Charlotte eventually let go of her and they sat down together at the table, hot chocolates in hand as they blew on them and took tentative sips.
‘I’m going to miss her so much,’ her grandmother said. ‘I’m just so grateful you were with her when she passed, that she wasn’t alone. If I’d known, if there had been any warning she was so close to the end…’
Charlotte nodded, taking a deep breath. ‘It happened so quietly, so quickly.’ She cleared her throat.
‘I was reading a letter when she passed, one that I think was written decades ago. I don’t think she could ever bring herself to give it to you.
’ She took it from her pocket and placed it on the table between them.
‘Thank you,’ she said. ‘For everything.
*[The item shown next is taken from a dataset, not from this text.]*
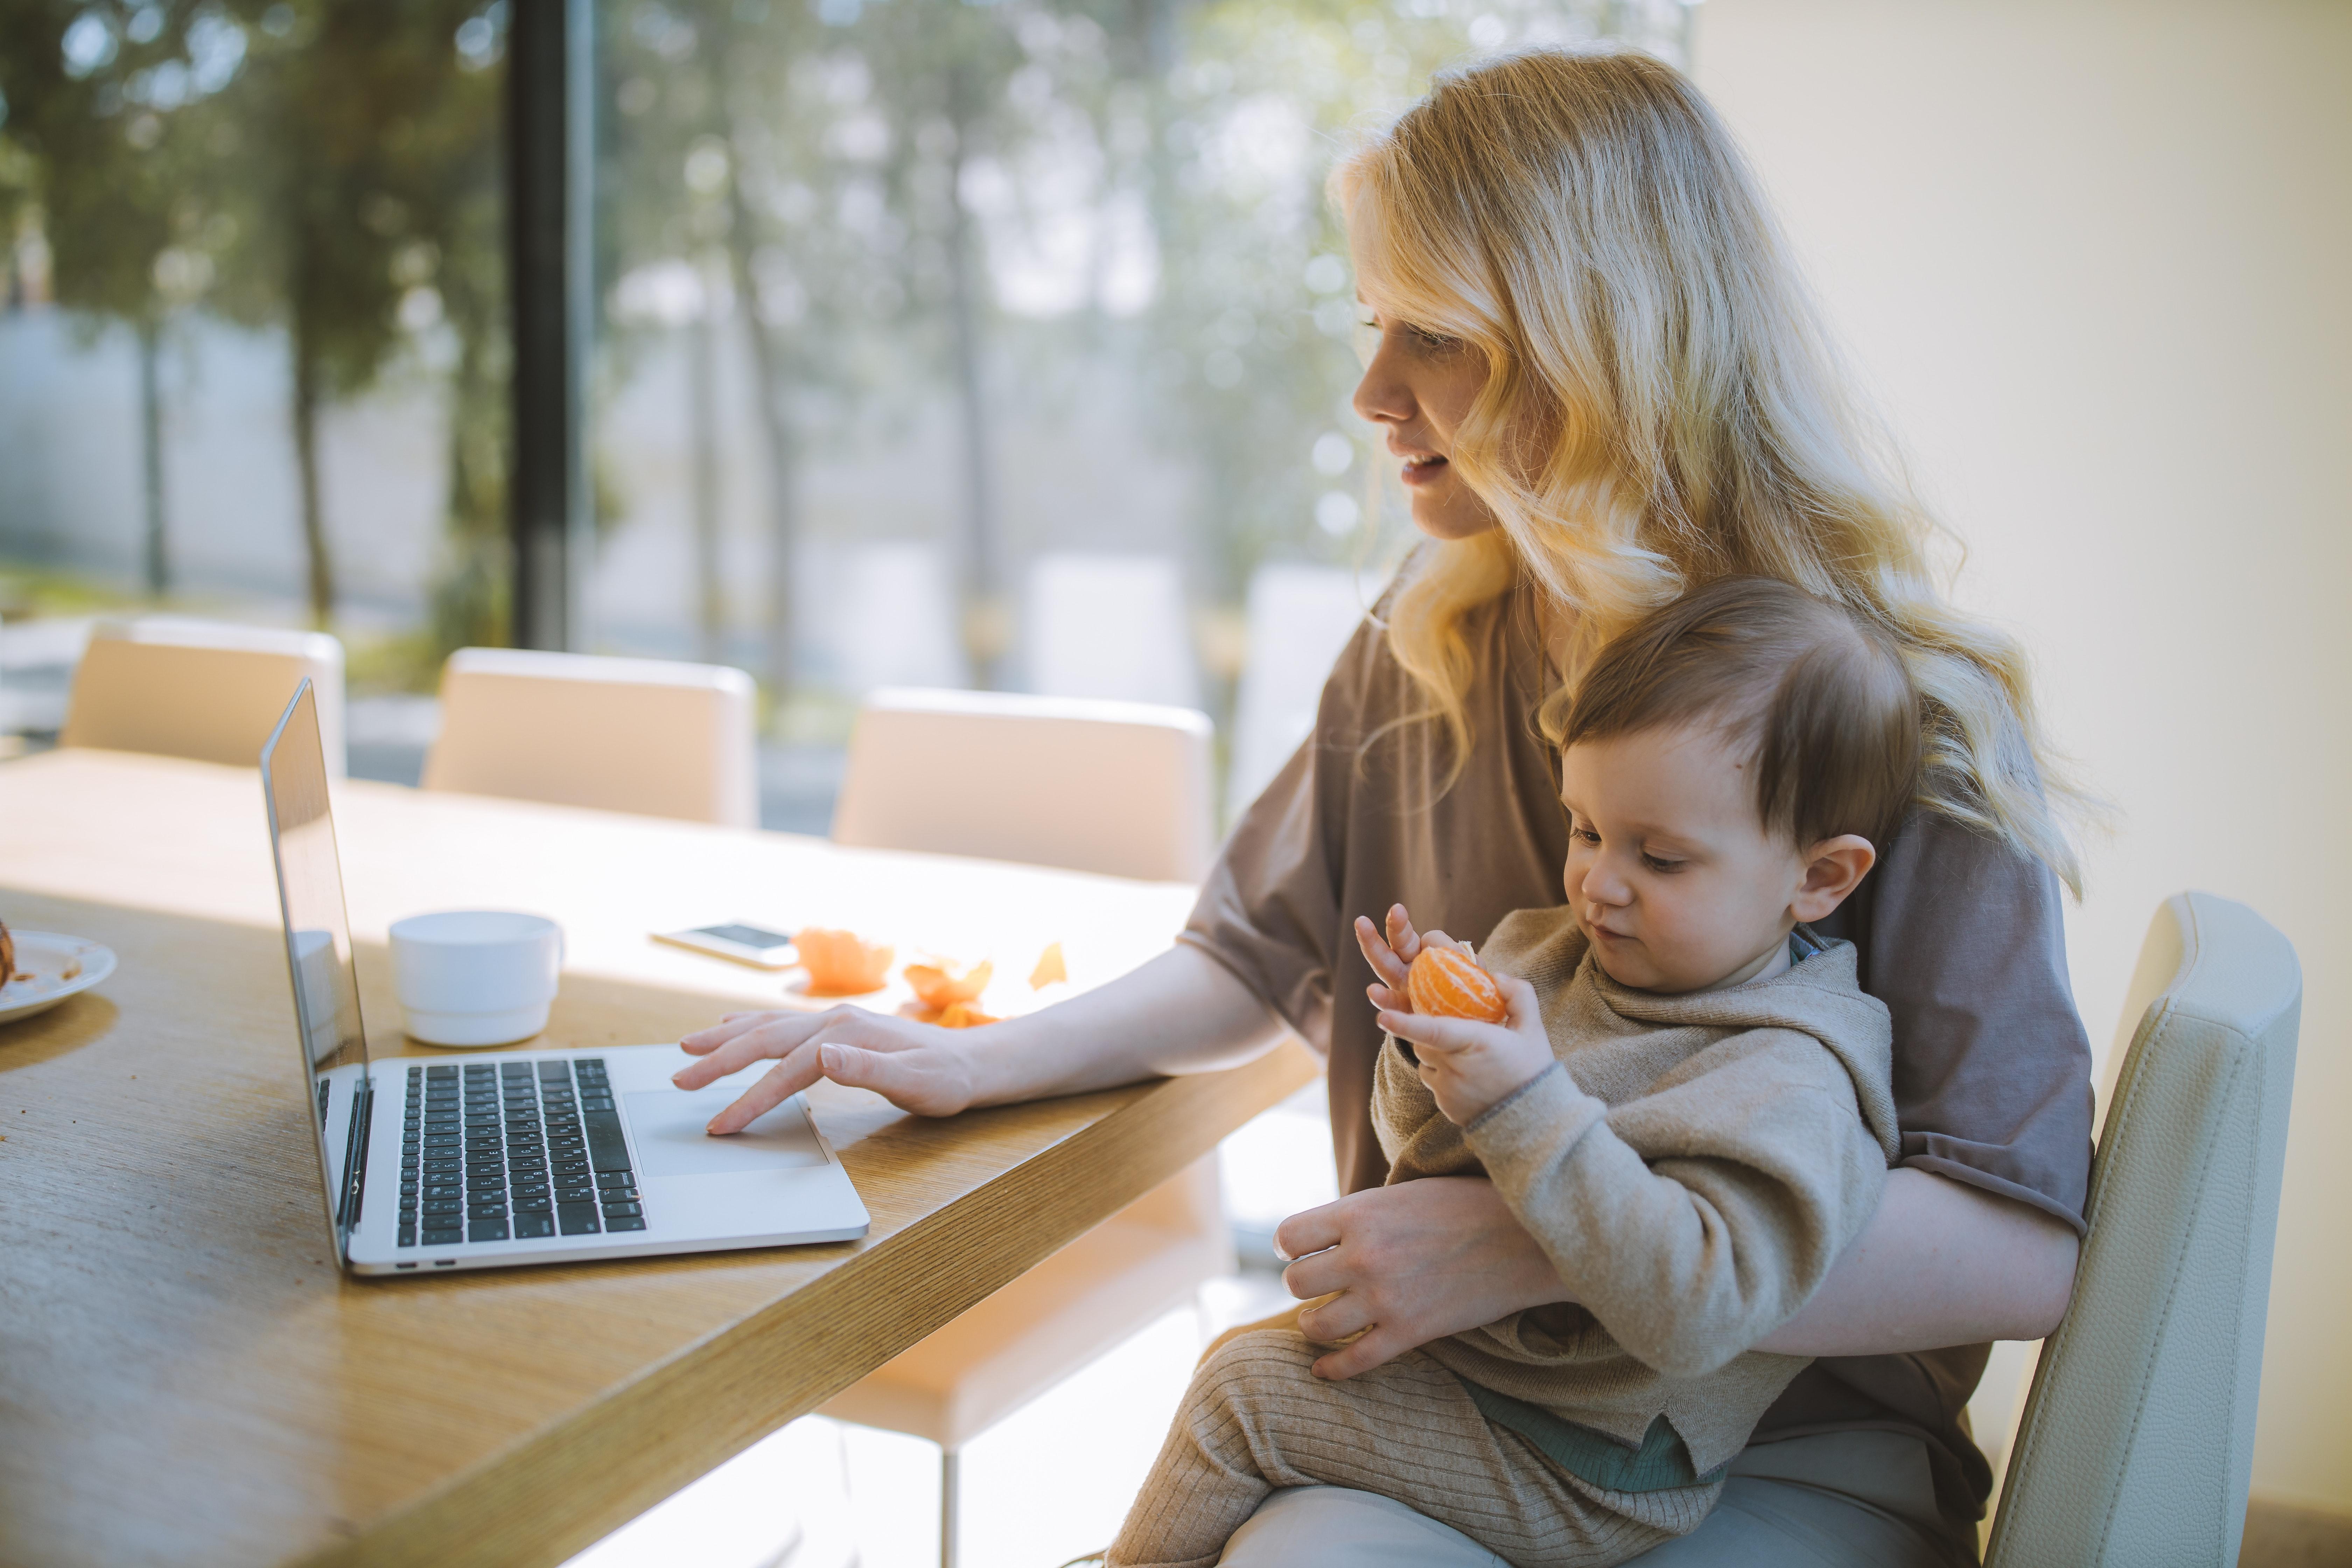 Эксперты на форуме «Семейный совет» дали рекомендации о том, как позаботиться о своем здоровье

For being here while she told her story, for coming home, for—’
‘Grandma, you have nothing to thank me for. I’m just so happy that I was able to spend time with her, and with you, too.’
‘Why do I feel there’s a but?’ she asked. ‘Has something else happened?’ The way her grandmother looked at her, the way she patiently waited, made it even harder for Charlotte to tell her.
‘Harrison left today.’
Her grandmother’s face fell, as if she could acutely feel Charlotte’s pain. ‘He left Oslo?’
Charlotte only just got the words out before she burst into tears. ‘He left Oslo and he, well, he left me. But now isn’t the time, after what happened tonight—’
‘Oh, sweetheart, I’m so sorry.’
‘No, it’s fine,’ Charlotte said, quickly wiping away her tears. ‘You’ve just lost your mother, I barely even knew Harrison for more than a few weeks. It’s nothing, I shouldn’t have even told you.’
‘Amalie would have understood your broken heart more than anyone else,’ her grandmother said.
‘It’s why I was there,’ Charlotte whispered. ‘I just needed to tell her that I understood how she could have been so deeply in love with her Oskar after such a short time, because it’s exactly how I felt about Harrison.’
She stood up and took the chair beside her grandmother so they could put their arms around each other, needing to hold her close.
‘I know it’s stupid, but I had this feeling that he was the one.’
Her grandmother smoothed her hair, stroking it gently back over and over again. ‘Perhaps he still is.’
‘No,’ Charlotte said, reaching for her hot chocolate and realising that her hand was shaking. ‘If you could have seen the look on his face, the way he told me he was leaving…’
‘All I’m saying is that sometimes people change, circumstances change,’ she said. ‘If he’s half the man you said he was, then maybe this isn’t the end.’
Charlotte wished she shared her grandmother’s optimism, but every time she thought of Harrison, she knew in her heart that she was never, ever going to see him again. Not after the way he’d left.
‘What do you say we curl up and watch a movie?’ her grandmother asked.
‘Tomorrow is going to bring decisions about things I don’t even want to think about, but tonight?
Tonight we can enjoy spending time together, just the two of us, and pretend that all is still right in the world. What do you say?’
Charlotte didn’t even have to force her smile this time. ‘I say that’s the best idea I’ve heard all day.’
Her eyes were sandpaper dry and red, her heart hurt and her body was exhausted; but there was nowhere else she’d rather be than curled up on the sofa with her grandmother.
He might have broken your heart today, but tomorrow is another day. You’re too strong to let a boy break you. You’re going to survive this just like you always do, she thought, giving herself a little pep talk.
‘I’ll bring the hot chocolates, you get the blanket from the hall cupboard,’ her grandmother said, her eyes still full of her own tears.
And just like that, Charlotte was a little girl again, being comforted by her grandmother, who’d been the one grown-up in her life who’d never, ever let her down when she needed her the most.